People marveled at Jesus’ miracles and teaching skills, “for he taught them as one who has authority” (Matt. 7:29; Mark 1:22; Luke 4:32). The Jews generally perceived Jesus to be a great teacher like some of the powerful prophets from times past. When Jesus asked His disciples who they thought He was, He accepted Peter’s reply: “Thou art the Christ, the Son of the living God.” Jesus responded, “For flesh and blood hath not revealed it unto thee, but my Father which is in heaven” (Matt. 16:15–17).
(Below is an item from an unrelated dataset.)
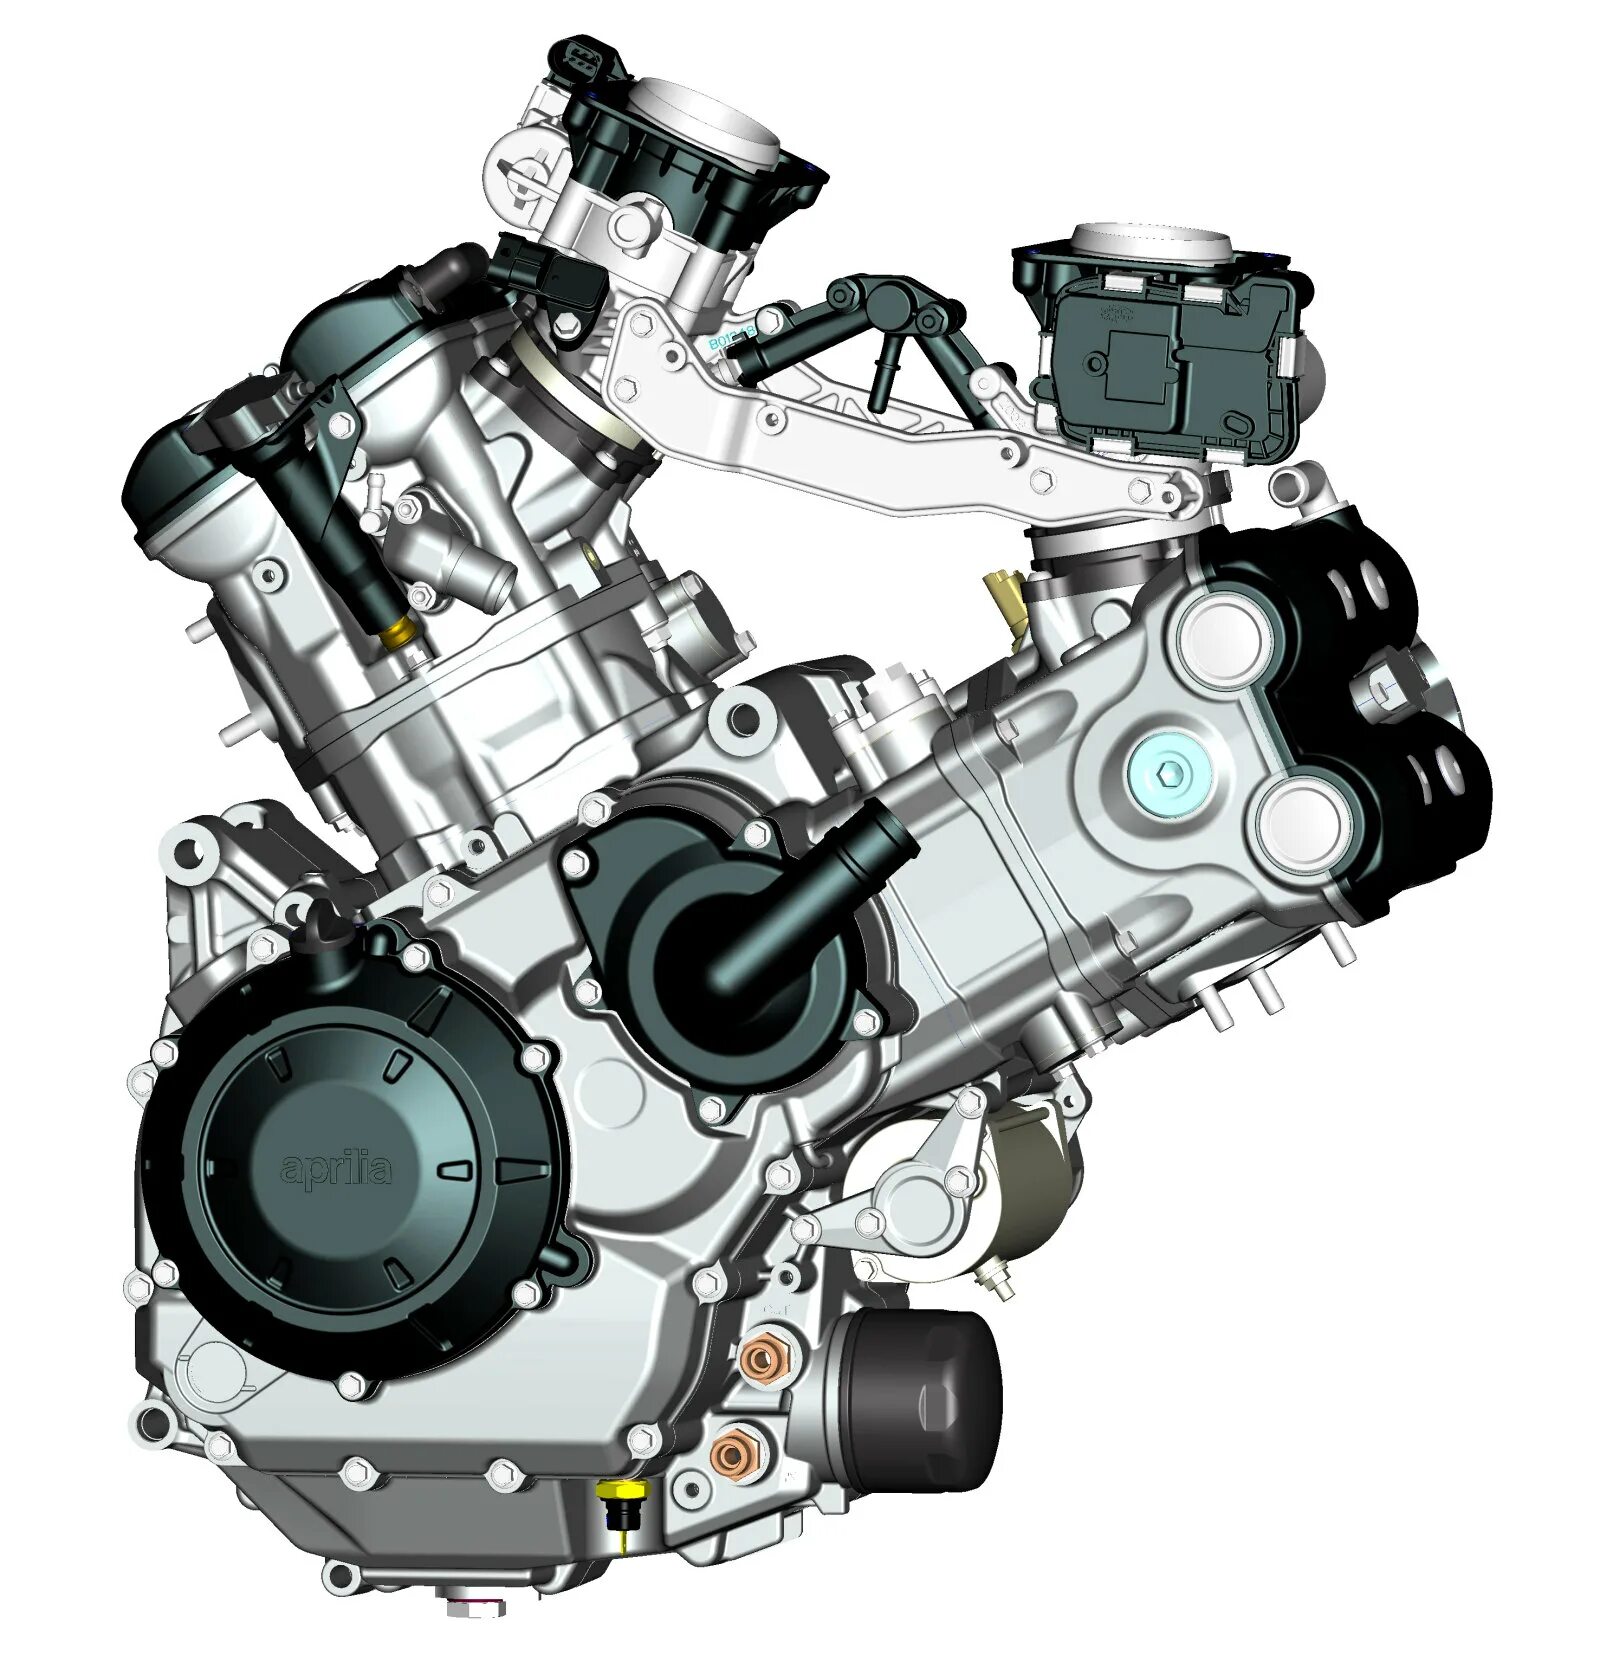 Атс двигатель. Априлия Дорсодуро 1200 схема электрическая.

Jesus indirectly identified himself as the Messiah when He was riding an ass into Jerusalem and allowed His disciples and others in the crowd to call out the Hosanna greeting, which was reserved for a messianic King (Luke 19:38–40).

Perhaps the most striking Christological characteristic in the Gospel According to Mark is that Jesus seems to purposely hide His messiahship and divine power. When He performed miracles, He occasionally forbade others to tell anyone about them (Mark 1:34,44). Mark repeatedly tells how even Jesus’ closest disciples did not recognize Him as the Messiah, although they saw His miracles (4:41, 8:21). Scholars have called this disparity the messianic secret. It was revealed to people only in the light of Jesus’ death and resurrection. The salvation-historical significance of the death and resurrection is one of the main contents of the gospel of Mark.
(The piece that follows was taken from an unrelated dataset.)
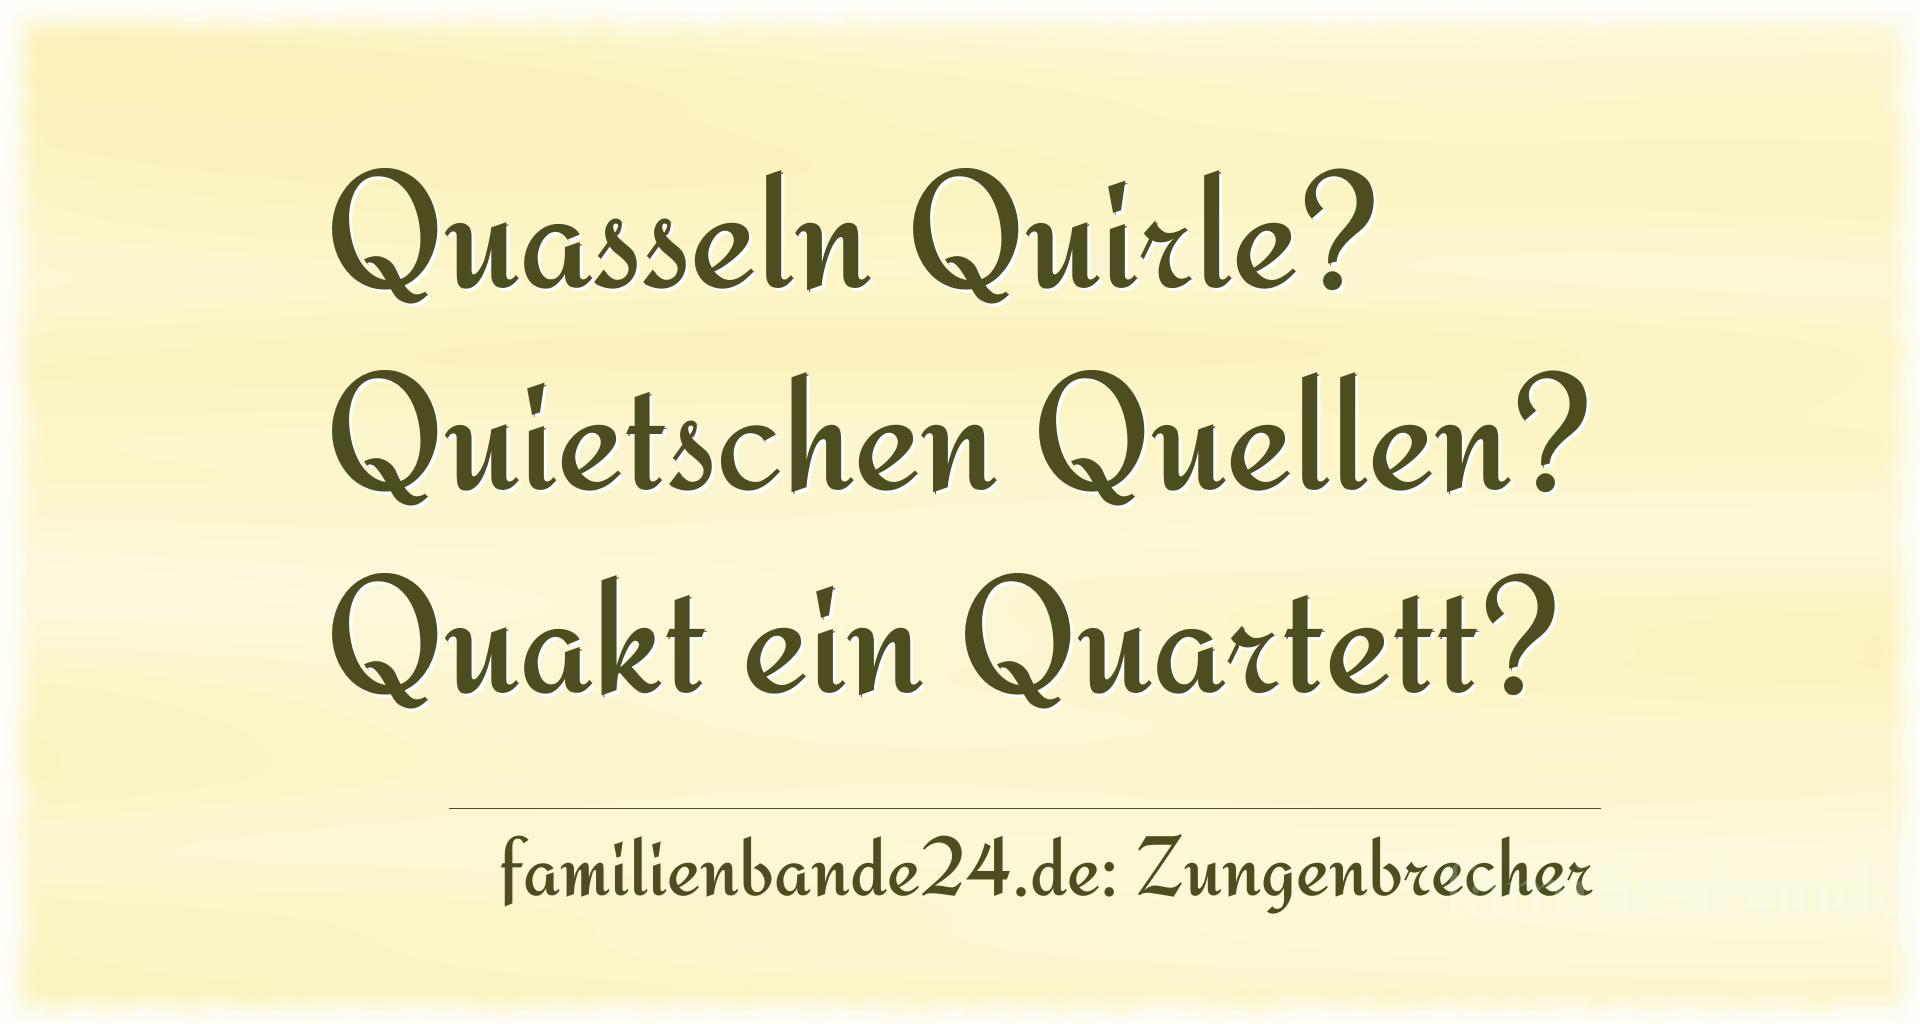 Zungenbrecher Nr. 738: Quasseln Quirle? Quietschen Quellen? Quakt ein Quartett?

The gospel of John represents the so-called high Christology, in which the nature and position of Christ are clearly equated with God Himself. This comes out in the opening hymn (John 1:1–18), according to which Jesus was with God before the creation of the world and along with the Father participated in the creation work. The title of ‘Word’ (Logos) is used for Jesus. John uses this word to indicate that Christ was the incarnate Word of God. In other places as well, John emphasized the oneness and equality of Jesus and God: Jesus came from above, the Father had sent Him, He spoke what He had seen and heard while with the Father and He returned to the Father (John 8). Jesus knew all things beforehand and ruled even the things to come. He voluntarily surrendered to His captors in Gethsemane and gave His life without anyone being able to take it from Him (10:18).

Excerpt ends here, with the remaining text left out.